A puppy that is so food motivated, can also become food aggressive if you put too much attention on the food. I would set his food down and let him eat it, and use something else, cheese or meat for potty treats or training treats -- JMO.

A puppy that is so food motivated CAN overeat and it can actually kill him. Unlikely. But a pup that wants to eat everything in sight can easily over-eat to a dangerous extent if left to "free-feed."

Also, going off the feed is the best way to know that a dog is not doing well and needs to visit the vet, you do not always figure this out as fast when free-feeding.

And, there's the pudding poo. Usually a sign of over-feeding, but it can also be something like coccidia. If you free feed and he seriously over-eats he will likely get ful blown diarrhea. The problem with that (beside the inconvenience and mess) is that the food shoots out with most of the nutrients intact, so the dog is eating a ton and literally starving.

And for a pup his age, a strict schedule with food and potty breaks is the easiest way to train them, which makes free-feeding a problem for house training.

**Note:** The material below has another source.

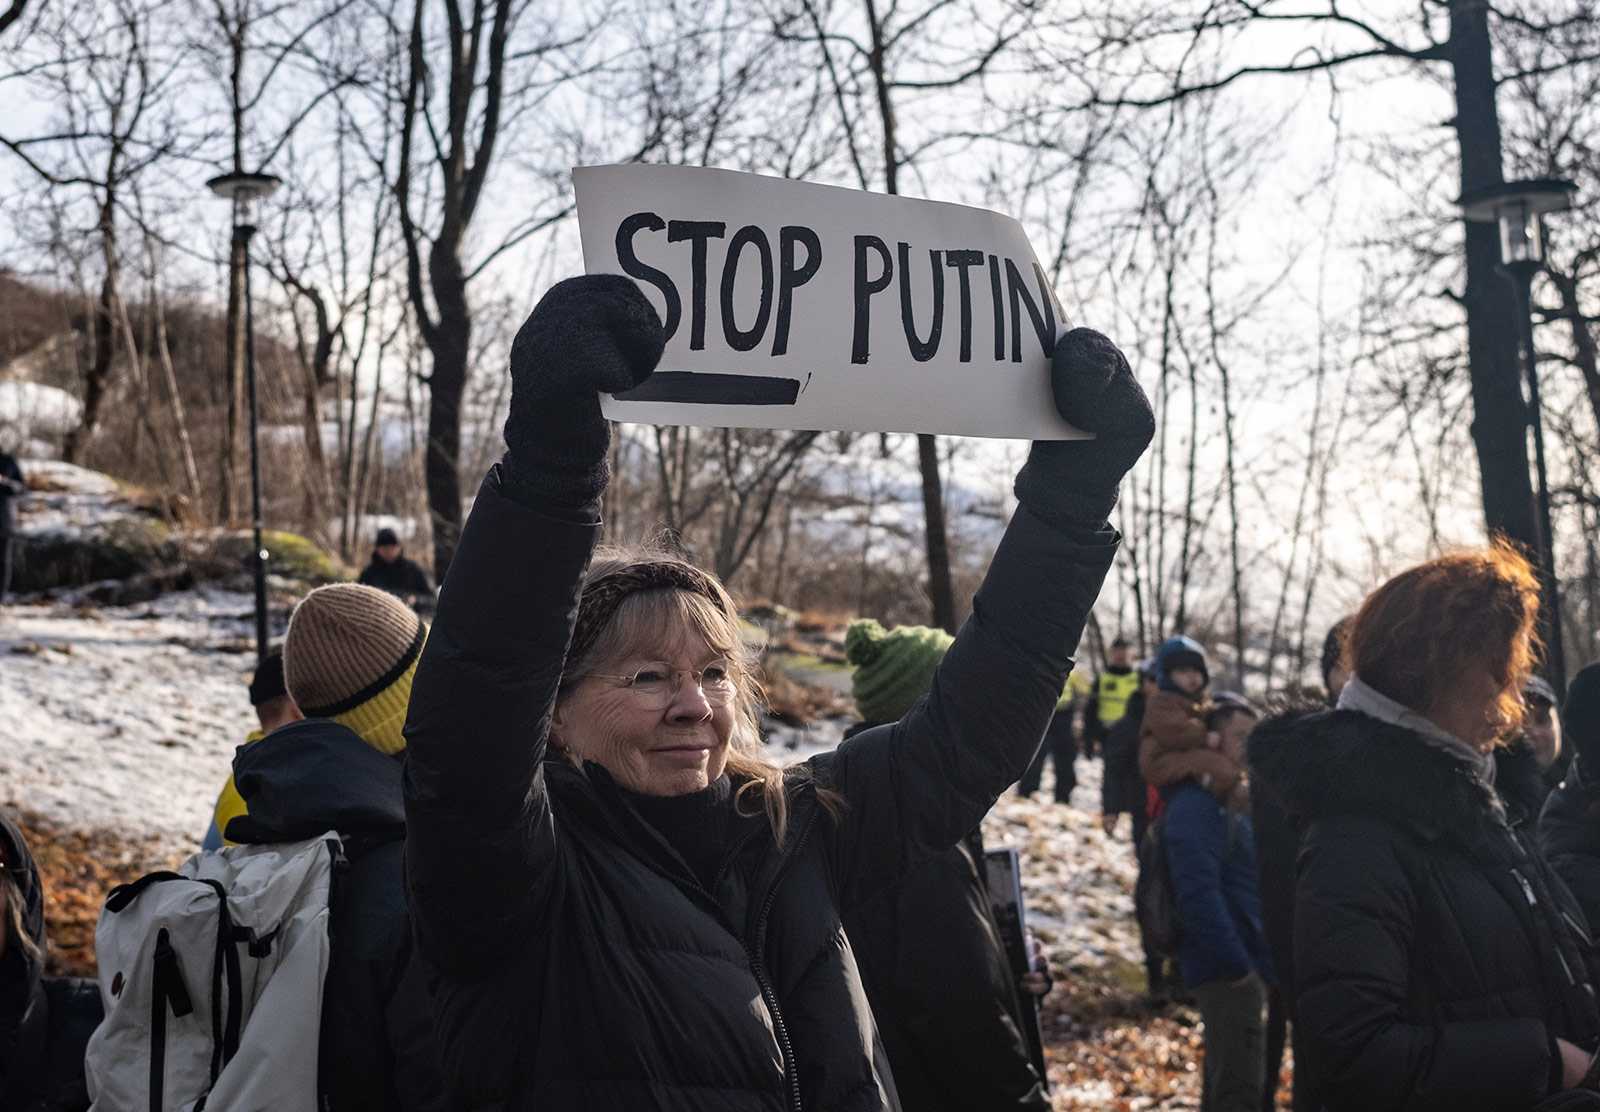 Stop Putin sign

If the puppy is eating all its food and looking for more, increase the food by 1/4 cup/feeding. If you want to improve the stool, add a teaspoon of pumpkin to his dish. Usually though, even if they have a little bit of a pudding poo, when they get used to the larger amount, that will clear up.

The puppy is light for 11.5 weeks. I do not agree with young puppies having waist lines and feeling the ribs. Sometimes you can, they just have trouble gaining weight, so you do your best. But letting them have a little weight on them is a little healthier, because they are growing. The amount of growing they are doing is staggering. A human baby is born at what 7 pounds and by a year old, maybe 20? Well, that puppy is going 60 usually by a year, and maybe 70 or even 80 pounds. It's head is going to grow so much, it's no wonder puppies are a pain, they are IN PAIN, growing all the time. They go from 1 pound at birth to 70 pounds in 12 months, easy.

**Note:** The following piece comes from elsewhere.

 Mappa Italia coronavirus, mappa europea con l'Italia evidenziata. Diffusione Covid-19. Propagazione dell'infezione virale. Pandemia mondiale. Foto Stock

And they need to eat, a balanced diet. Usually a balanced diet for an adult dog is fine for a GSD puppy. But a lot more of it than you would feed your adult dog, sometimes double, not double what you would feed a 75 pound shepherd (not at first), but if the dog is 12 pounds and it says 1-1.5 cups for an adult 12 pound dog, than a puppy would probably need to eat 2-3 cups, and as it grows, that food increases. By six months that puppy might be eating what your adult shepherds are eating, and maybe even more. It's growing. It is up to us to keep up with the growth.

It is possible that your pup got pushed off the heavier producing teets, and maybe didn't get the lion's share of the kibble when they started feeding solid food. A lot of folks have the opposite problem, the puppy misses the competition at the food pan and doesn't want to eat. Yours does, that is good. But it sounds like he needs more.

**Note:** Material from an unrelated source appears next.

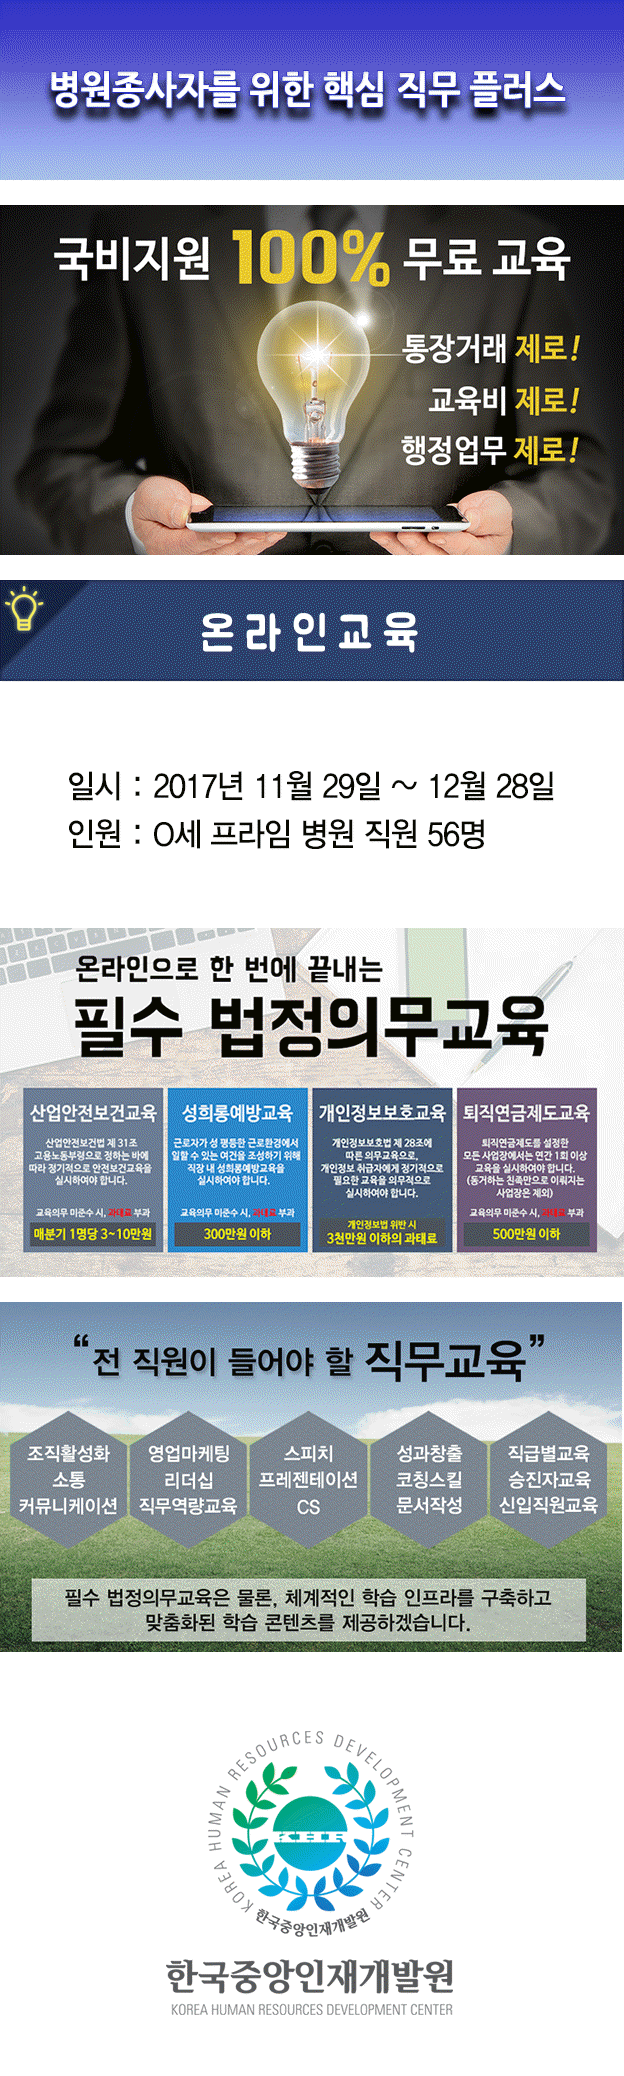 사본 -한국중앙인재개발원 공지사항(온라인) 연세프라임병원.gif

Also, puppies have more energy than adult dogs, they spend more calories because they run more and the sleep more and so besides growing they are feeding puppy energy, so its a lot more food. But it also something that a feeding range cannot always calculate. That is a place to start. It sounds like yours needs more than that, and that's ok.

Lastly, we want to feed our dogs the very best, so we research and find the best food for our puppies, and sometimes that works out great. And sometimes it doesn't. Fromm is a great name, and a lot of people swear by it. Your dog may not like it, or his body may not thrive on it. Just something to keep in mind. Sometimes you have to go to your second or third choice before you find a food that he likes and that is giving you the results you want.